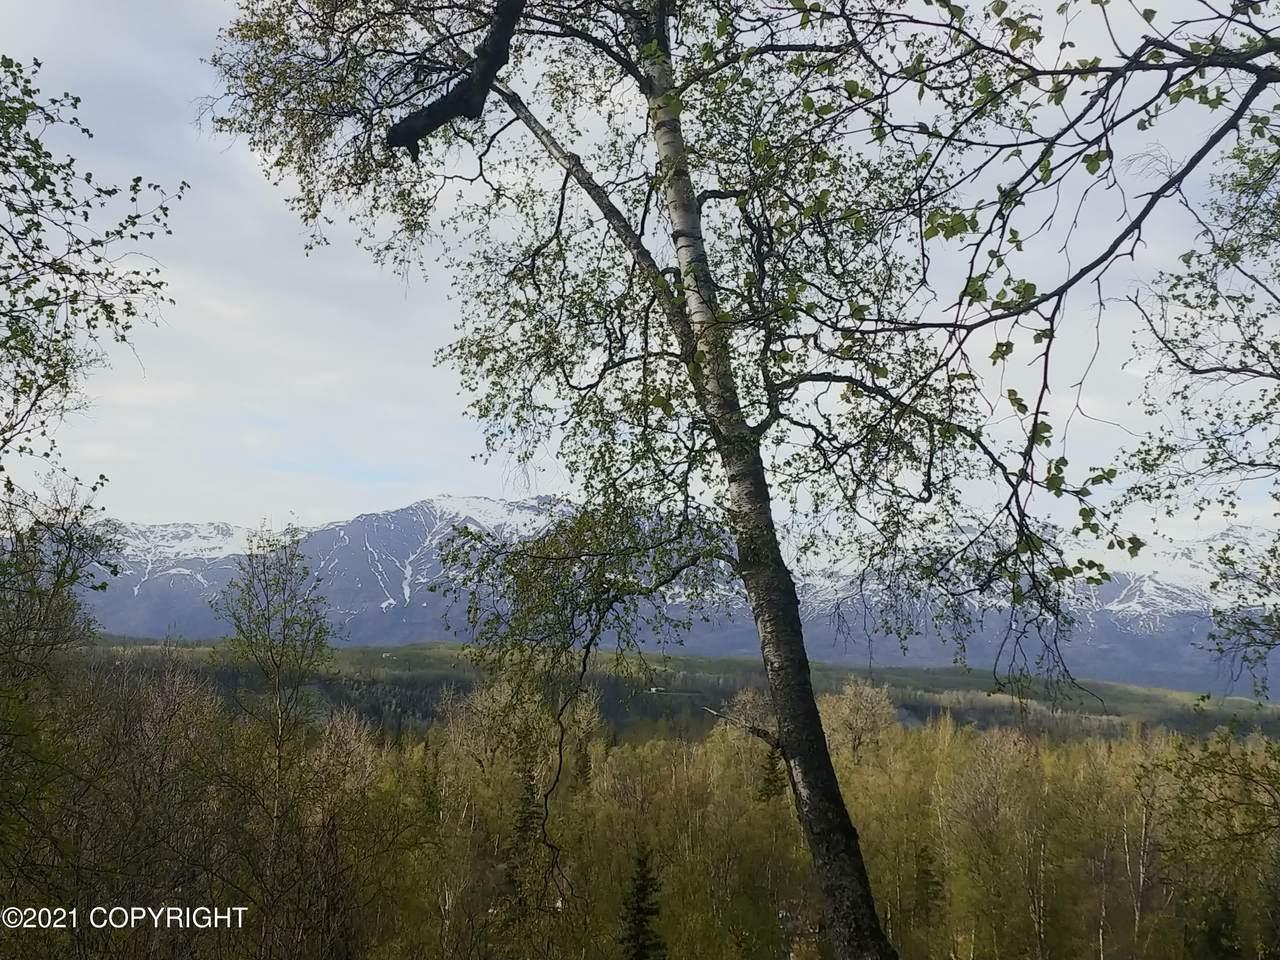 https://bt-photos.global.ssl.fastly.net/alaska/1280_boomver_3_21-8333-2.jpg
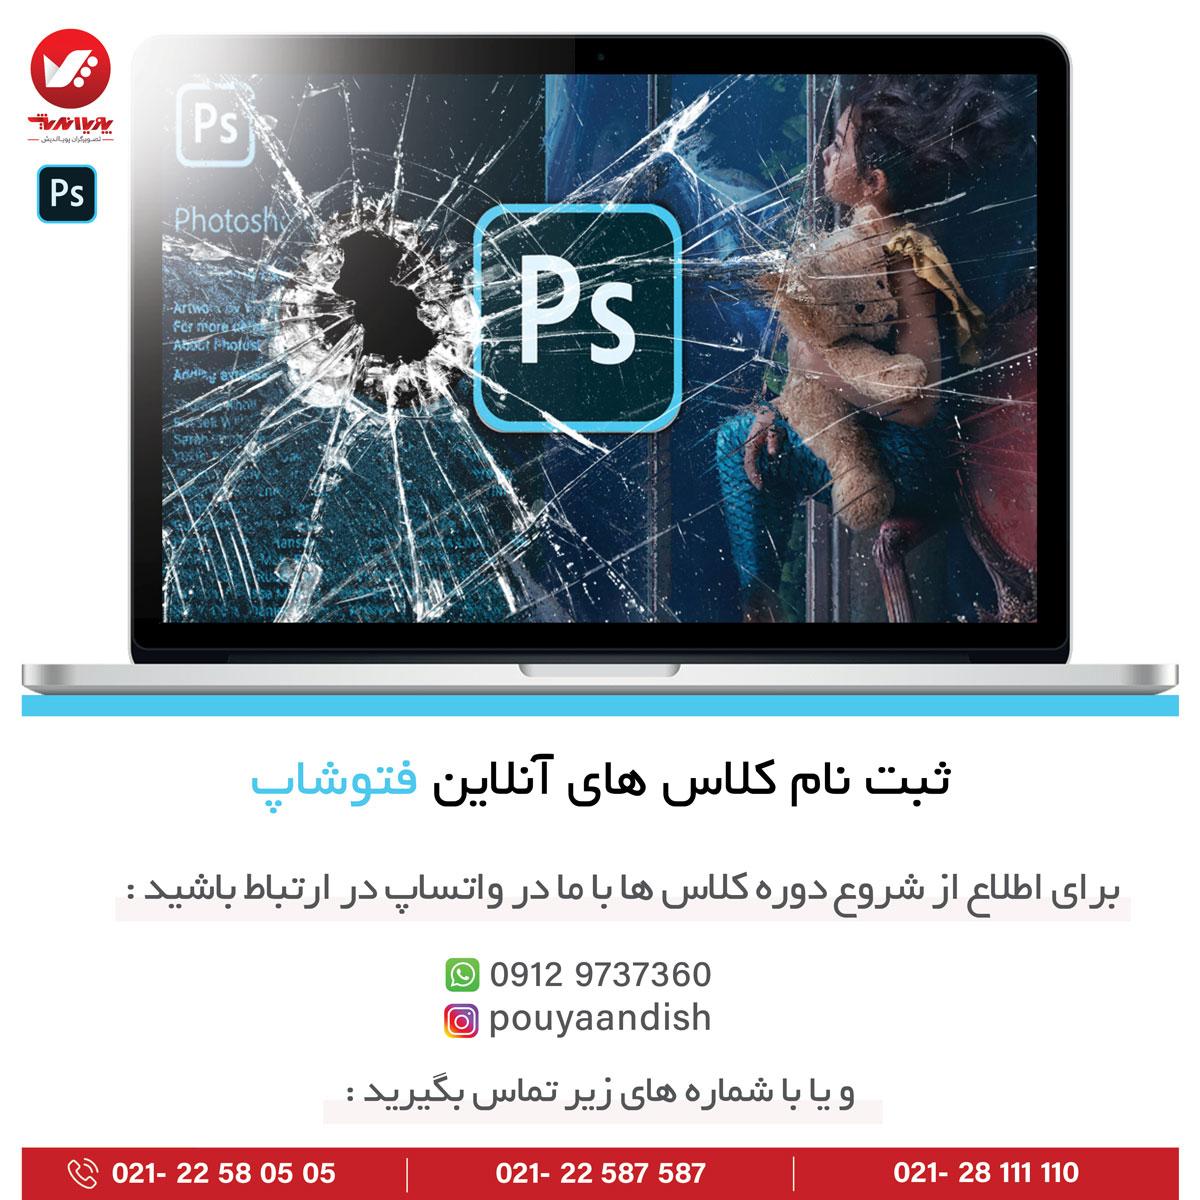 photoshop insta - آموزش فتوشاپ
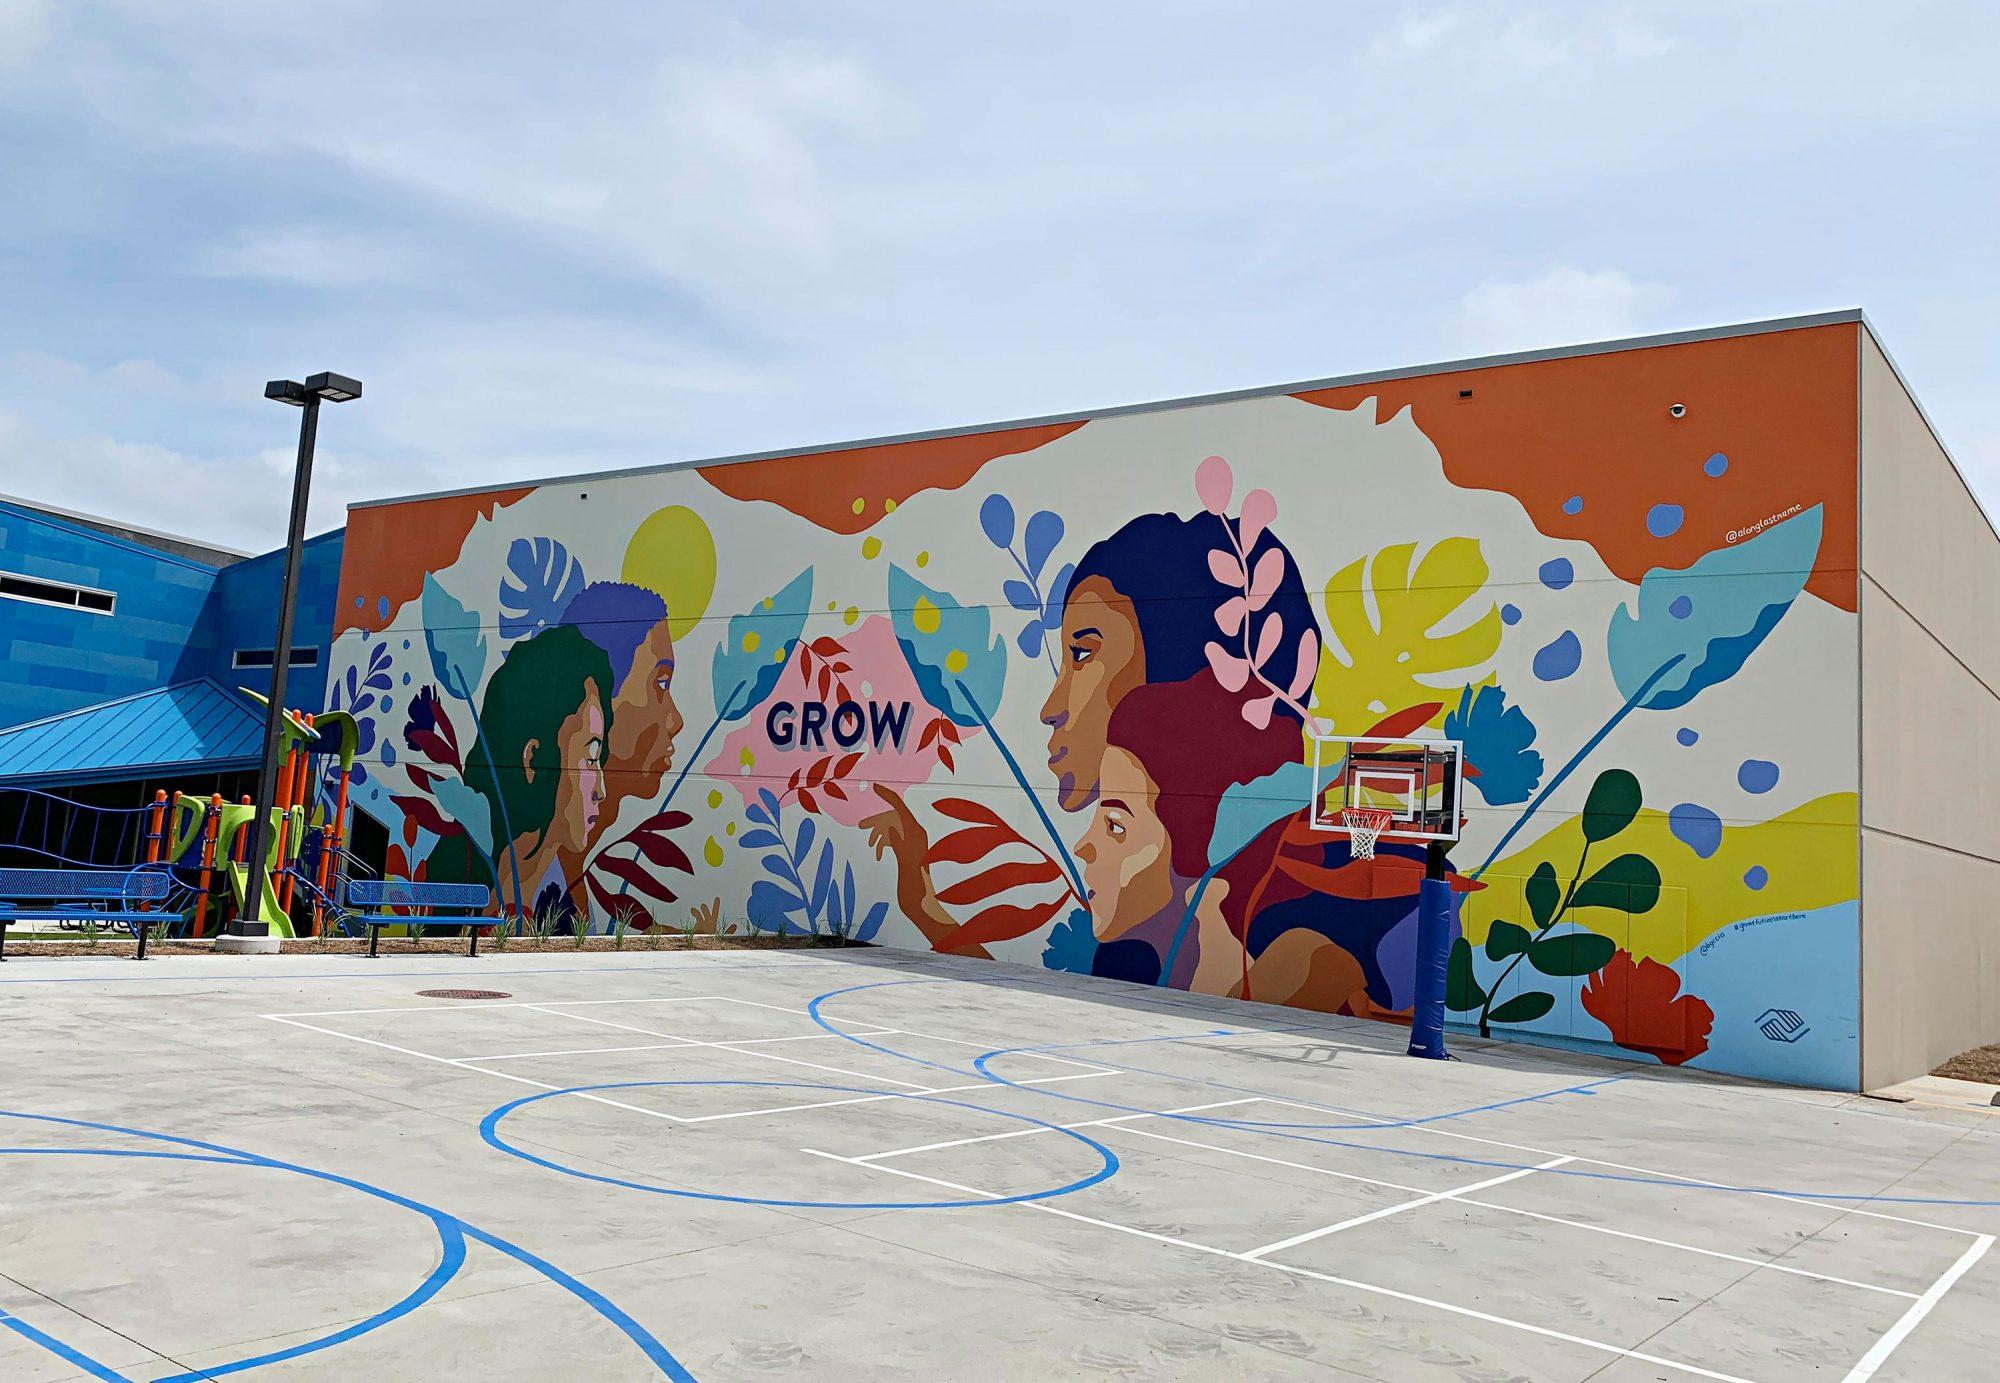 Amanda Phingbodhipakkiya mural project
○ ○ ○
Problem statement
Transcribe the data completely. No pictures should appear in the transcription.

Your solution
 https://bt-photos.global.ssl.fastly.net/alaska/1280_boomver_3_21-8333-2.jpg
 photoshop insta - آموزش فتوشاپ
 Amanda Phingbodhipakkiya mural project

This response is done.